-- SOURCE MATERIAL follows --

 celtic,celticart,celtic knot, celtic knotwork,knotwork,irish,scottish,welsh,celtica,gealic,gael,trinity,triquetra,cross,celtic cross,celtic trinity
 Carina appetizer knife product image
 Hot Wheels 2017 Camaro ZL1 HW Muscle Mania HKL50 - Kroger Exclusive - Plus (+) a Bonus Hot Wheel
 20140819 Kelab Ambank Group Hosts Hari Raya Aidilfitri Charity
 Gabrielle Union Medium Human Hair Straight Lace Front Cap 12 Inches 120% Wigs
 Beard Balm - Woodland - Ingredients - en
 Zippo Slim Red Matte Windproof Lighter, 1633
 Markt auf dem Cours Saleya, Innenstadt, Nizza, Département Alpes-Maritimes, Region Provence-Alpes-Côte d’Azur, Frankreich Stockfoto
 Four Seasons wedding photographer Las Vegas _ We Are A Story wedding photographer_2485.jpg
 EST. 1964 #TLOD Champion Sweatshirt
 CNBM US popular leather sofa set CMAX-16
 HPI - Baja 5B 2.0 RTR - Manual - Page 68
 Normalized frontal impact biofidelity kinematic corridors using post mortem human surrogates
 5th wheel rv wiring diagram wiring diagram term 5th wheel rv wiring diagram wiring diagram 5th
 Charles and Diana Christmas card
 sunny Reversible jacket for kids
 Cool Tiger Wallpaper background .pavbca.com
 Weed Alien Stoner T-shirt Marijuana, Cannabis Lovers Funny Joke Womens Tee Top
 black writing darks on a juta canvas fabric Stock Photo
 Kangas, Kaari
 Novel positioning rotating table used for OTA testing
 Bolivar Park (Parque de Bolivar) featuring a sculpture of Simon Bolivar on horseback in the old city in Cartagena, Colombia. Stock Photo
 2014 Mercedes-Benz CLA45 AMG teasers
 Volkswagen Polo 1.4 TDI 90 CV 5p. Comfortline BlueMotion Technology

-- SOURCE MATERIAL concluded --

> **ACTIVITY**: Return all of the material verbatim, with no line left out.

> **ANSWER BOX**:
 celtic,celticart,celtic knot, celtic knotwork,knotwork,irish,scottish,welsh,celtica,gealic,gael,trinity,triquetra,cross,celtic cross,celtic trinity
 Carina appetizer knife product image
 Hot Wheels 2017 Camaro ZL1 HW Muscle Mania HKL50 - Kroger Exclusive - Plus (+) a Bonus Hot Wheel
 20140819 Kelab Ambank Group Hosts Hari Raya Aidilfitri Charity
 Gabrielle Union Medium Human Hair Straight Lace Front Cap 12 Inches 120% Wigs
 Beard Balm - Woodland - Ingredients - en
 Zippo Slim Red Matte Windproof Lighter, 1633
 Markt auf dem Cours Saleya, Innenstadt, Nizza, Département Alpes-Maritimes, Region Provence-Alpes-Côte d’Azur, Frankreich Stockfoto
 Four Seasons wedding photographer Las Vegas _ We Are A Story wedding photographer_2485.jpg
 EST. 1964 #TLOD Champion Sweatshirt
 CNBM US popular leather sofa set CMAX-16
 HPI - Baja 5B 2.0 RTR - Manual - Page 68
 Normalized frontal impact biofidelity kinematic corridors using post mortem human surrogates
 5th wheel rv wiring diagram wiring diagram term 5th wheel rv wiring diagram wiring diagram 5th
 Charles and Diana Christmas card
 sunny Reversible jacket for kids
 Cool Tiger Wallpaper background .pavbca.com
 Weed Alien Stoner T-shirt Marijuana, Cannabis Lovers Funny Joke Womens Tee Top
 black writing darks on a juta canvas fabric Stock Photo
 Kangas, Kaari
 Novel positioning rotating table used for OTA testing
 Bolivar Park (Parque de Bolivar) featuring a sculpture of Simon Bolivar on horseback in the old city in Cartagena, Colombia. Stock Photo
 2014 Mercedes-Benz CLA45 AMG teasers
 Volkswagen Polo 1.4 TDI 90 CV 5p. Comfortline BlueMotion Technology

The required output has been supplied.